If the vaccine is available and I choose not to get it and then die... Well, that's my own prerogative.
We are quickly moving into a corporate and government nanny state where citizens and users can't be trusted with their own agency so their agency is removed.
Sure if you got sick and crawled into a ditch and died then more power to you.
Instead you would end up going to a hospital and wasting a bunch of peoples time, and in the event your dumbass dies from it - some poor man/woman has to hold your hand while you gurgle out your deathrattle.
Being selfish with your own life in a society never just affects you. That's why it's a society. Someone will always have to clean up your shit when you make poor decisions with your life.
So are we going to outlaw being selfish? People waste hospital time and resources all the time with a plethora of things other than covid. Should we take away their agency so they can't do that anymore?
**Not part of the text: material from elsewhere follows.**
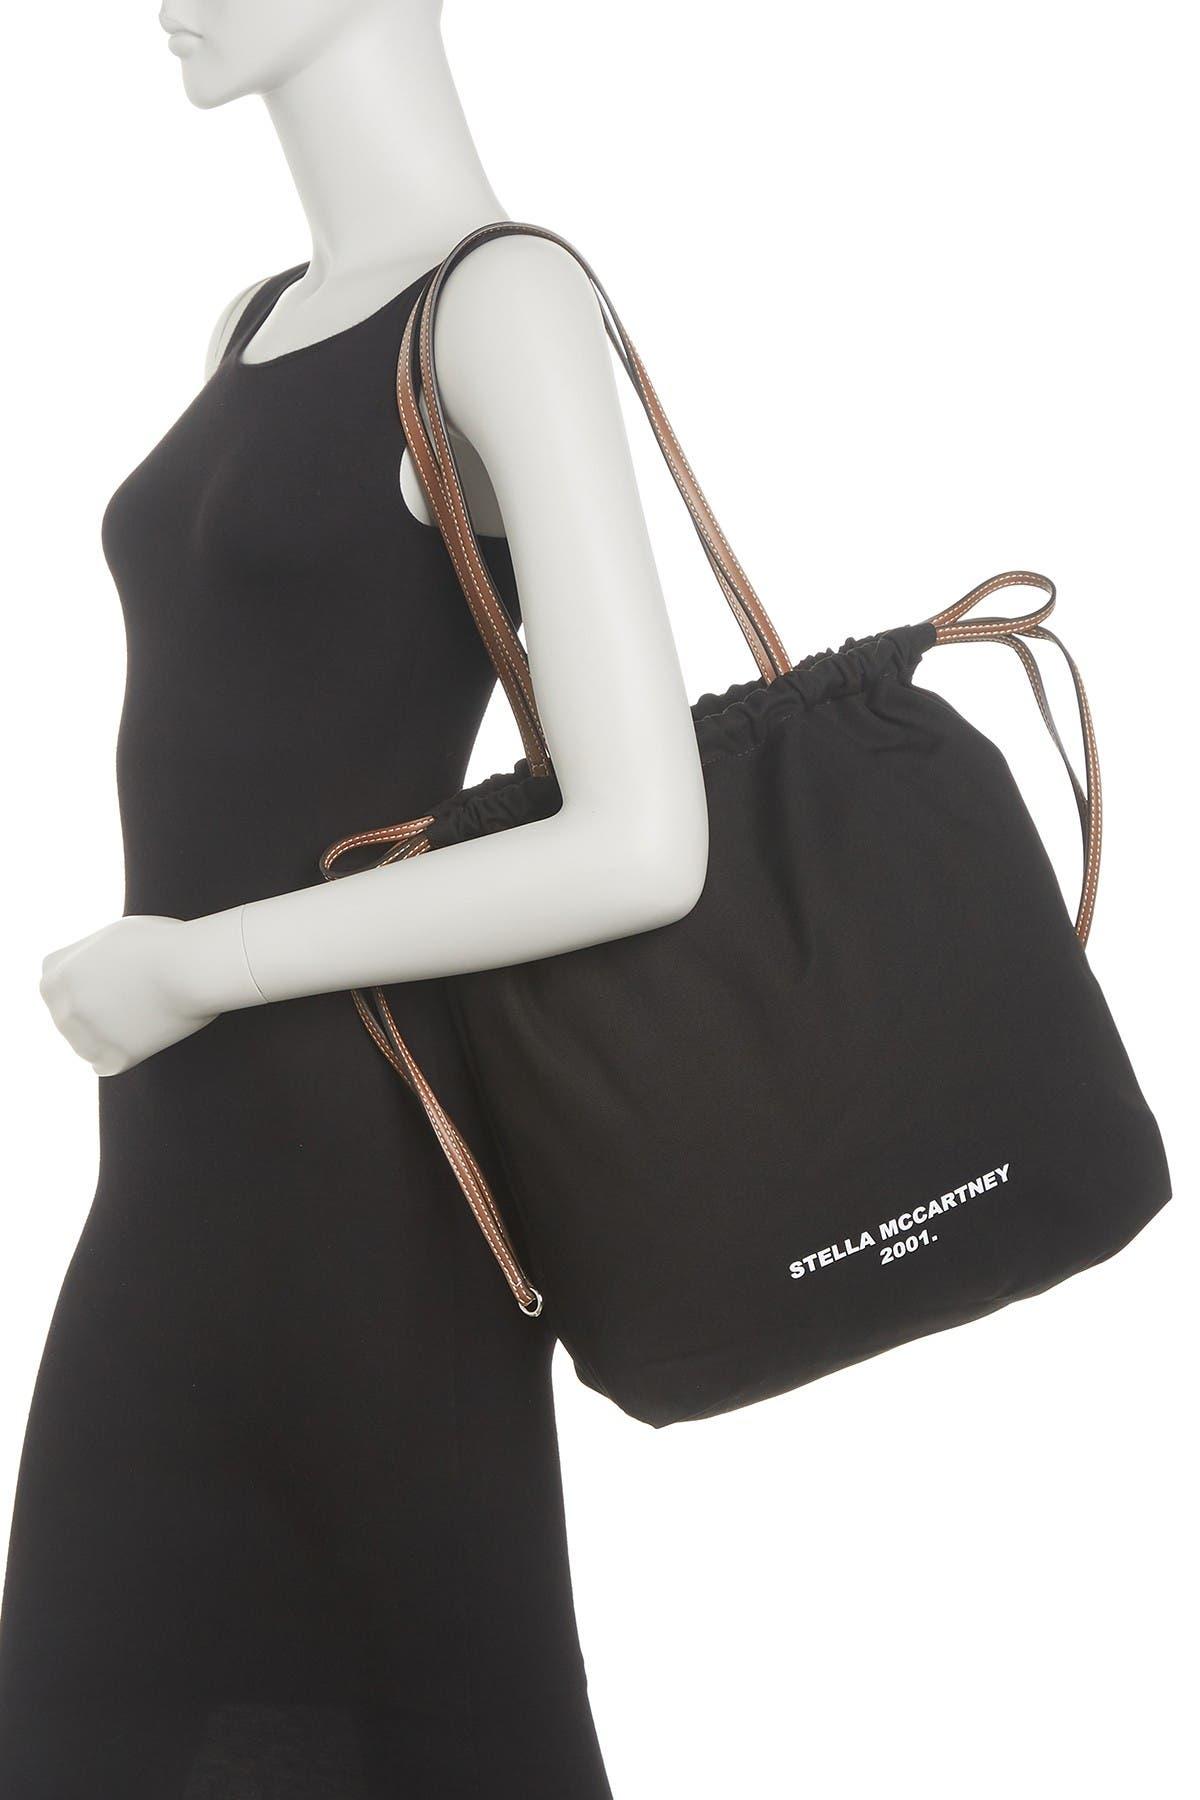 Image of Stella McCartney Eco Cotton Simple Tote Bag

There are not many comparable cases, where the selfish behavior gives a very measurable reinvigoration to a global pandemic for which the longer it persists the greater the risk that it will spawn a variant that puts us back to step 1 - or worse.
No we will not. But if you get close to my family that is fragile and may dire if they catch the virus then I will respond with the same selfish force as you.
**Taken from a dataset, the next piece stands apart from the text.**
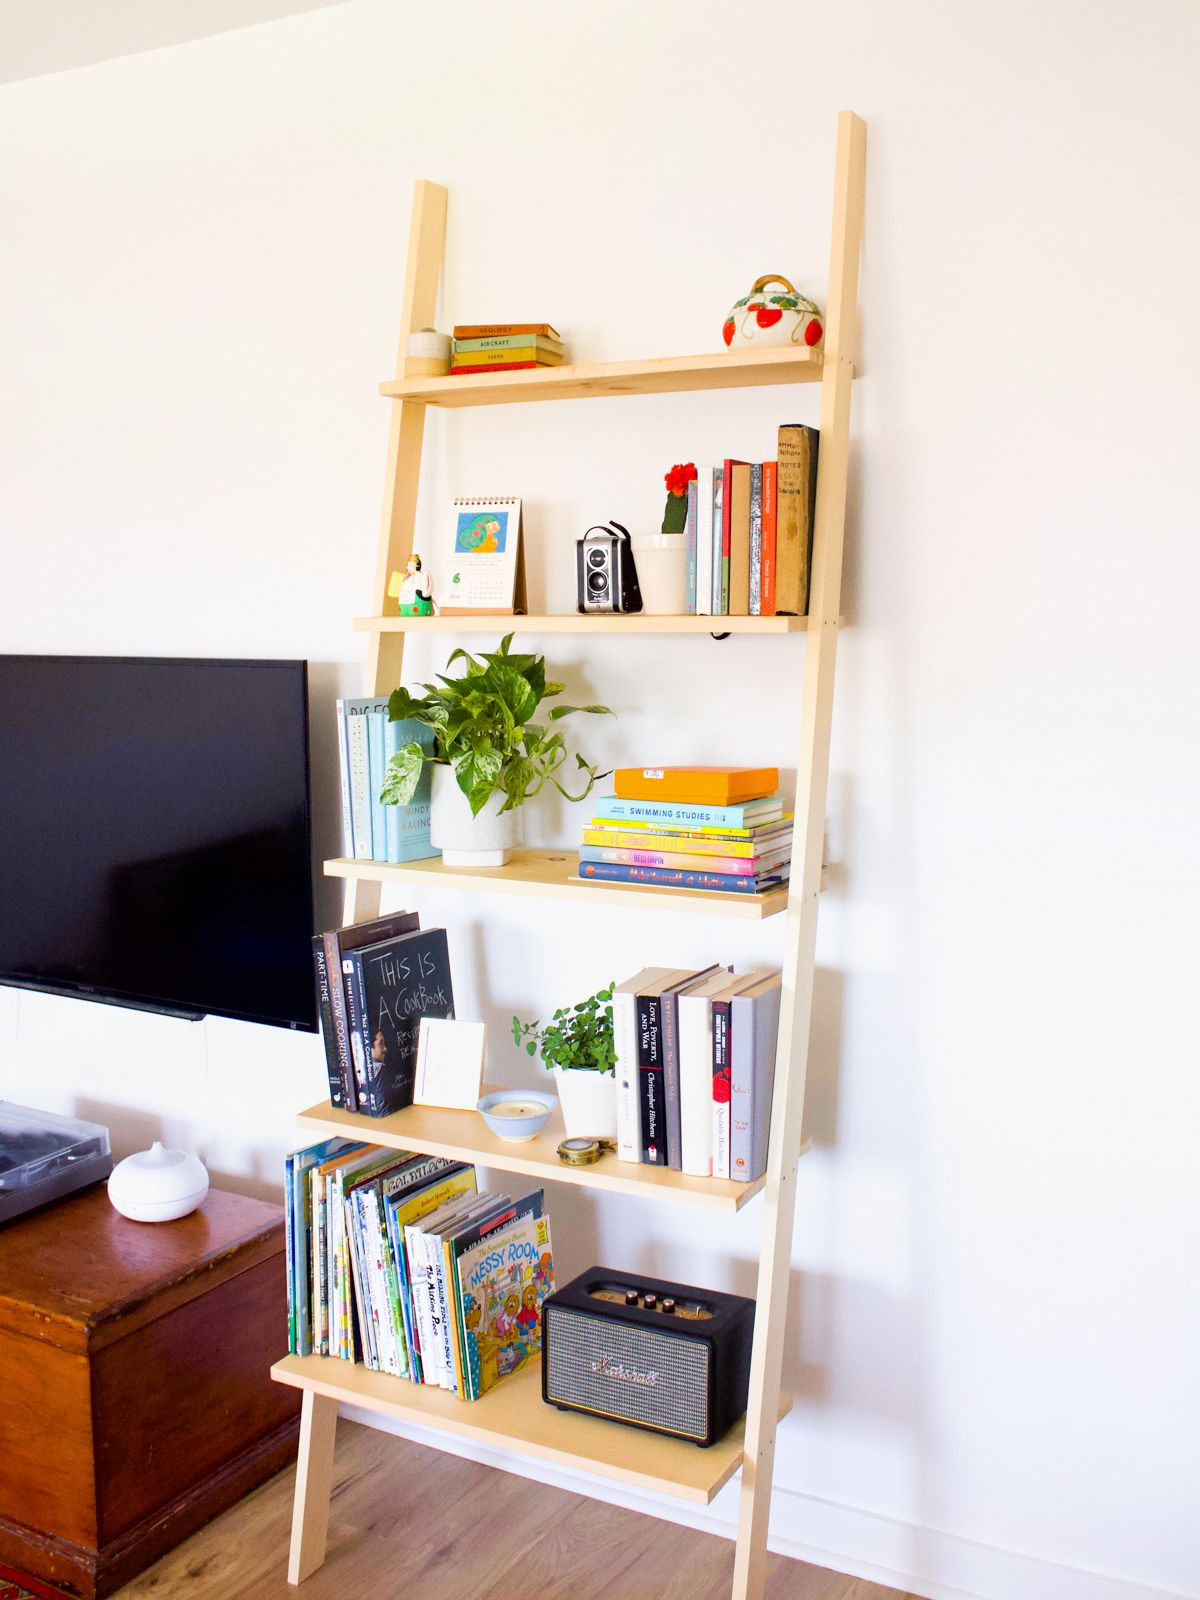 How to Build a DIY Leaning Bookshelf Leaning bookshelf

That is physically harm you to make sure you die in a safe place, not in my yard
Sounds fair.
("you" of course means "the unvaccinated who use their freedom to hurt others")
Someone driving under influence who has an accident is committing an attempt of a murder, or a murder if there are victims.
There are all kind of possible accidents, DUI is the kind where someone decides that they take the risk of other lives. Similar to the recent accident in Italy where a ski lift was purposely not maintained to avoid stopping it. They knew that they are risking someone's life.
With this said there are two cases:
- the one when someone drives under DUI and I have to kill him to avoid a possible direct accident towards me or my family (by pushing his car from a cliff or something). I would nit hesitate.
- after the accident. I am for a death sentence for specific cases where it is a matter of getting rid of human trash (rapes, murders with premeditation, paedophilia, ...). In that case it is a matter of social hygiene. In the case of DUI I am at the edge, with the possibility of someone to spend years helping the society to try to redeem
Because your risk becomes everyones risk. The vaccine is becoming less and less effective against variants and people talk as if dying or hospitalizations is the only bad outcome. Long term health problems from even 'mild' COVID infections is a thing and the efficacy of vaccines at preventing that is not clear.
So getting a vaccine does not make the vaccinated isolated from the risks the unvaccinated choose. Your choices affect what I can do and the risks to my health.
> Why aren't people allowed to take risks anymore?
What do you mean "anymore"? Collective rule to fight contagious disease is literally as old as civilization. There are rules for it in the Old Testament.
Does this also imply that you will be responsible for the cost of your own choices, and that you will not infect anyone else and not interact with the public?
If I infect another unvaccinated person... so what? They made their choice as well. The vaccine is widely available enough now that anyone that doesn't have it chose not to get it (or they have an exceedingly rare medical reason)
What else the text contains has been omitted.